Required work> Would you count how many lines of the entries below include the word "Stock"? Give nothing but the number.

Records excerpted from a collection:

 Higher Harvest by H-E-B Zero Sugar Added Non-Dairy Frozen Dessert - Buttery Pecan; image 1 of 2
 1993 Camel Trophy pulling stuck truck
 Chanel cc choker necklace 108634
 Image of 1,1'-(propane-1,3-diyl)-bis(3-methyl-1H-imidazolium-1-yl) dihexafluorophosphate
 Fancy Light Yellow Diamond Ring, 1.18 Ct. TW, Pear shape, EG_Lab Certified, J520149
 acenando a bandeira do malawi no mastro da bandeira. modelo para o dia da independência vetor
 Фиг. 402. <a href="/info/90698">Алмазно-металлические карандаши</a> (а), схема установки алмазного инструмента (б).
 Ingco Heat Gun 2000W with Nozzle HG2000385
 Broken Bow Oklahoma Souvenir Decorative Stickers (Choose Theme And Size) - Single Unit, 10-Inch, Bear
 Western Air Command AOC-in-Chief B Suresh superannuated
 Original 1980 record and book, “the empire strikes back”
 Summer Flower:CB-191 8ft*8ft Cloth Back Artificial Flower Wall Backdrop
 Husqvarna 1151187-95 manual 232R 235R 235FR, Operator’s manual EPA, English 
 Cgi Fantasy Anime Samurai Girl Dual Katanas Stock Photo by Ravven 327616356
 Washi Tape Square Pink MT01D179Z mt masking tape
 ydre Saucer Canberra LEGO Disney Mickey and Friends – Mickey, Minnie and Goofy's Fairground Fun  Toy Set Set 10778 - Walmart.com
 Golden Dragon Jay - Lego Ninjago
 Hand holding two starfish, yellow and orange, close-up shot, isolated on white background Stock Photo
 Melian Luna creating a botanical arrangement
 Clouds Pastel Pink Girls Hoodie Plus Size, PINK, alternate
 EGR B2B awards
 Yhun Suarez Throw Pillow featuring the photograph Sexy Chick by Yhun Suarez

Solved exercise> 2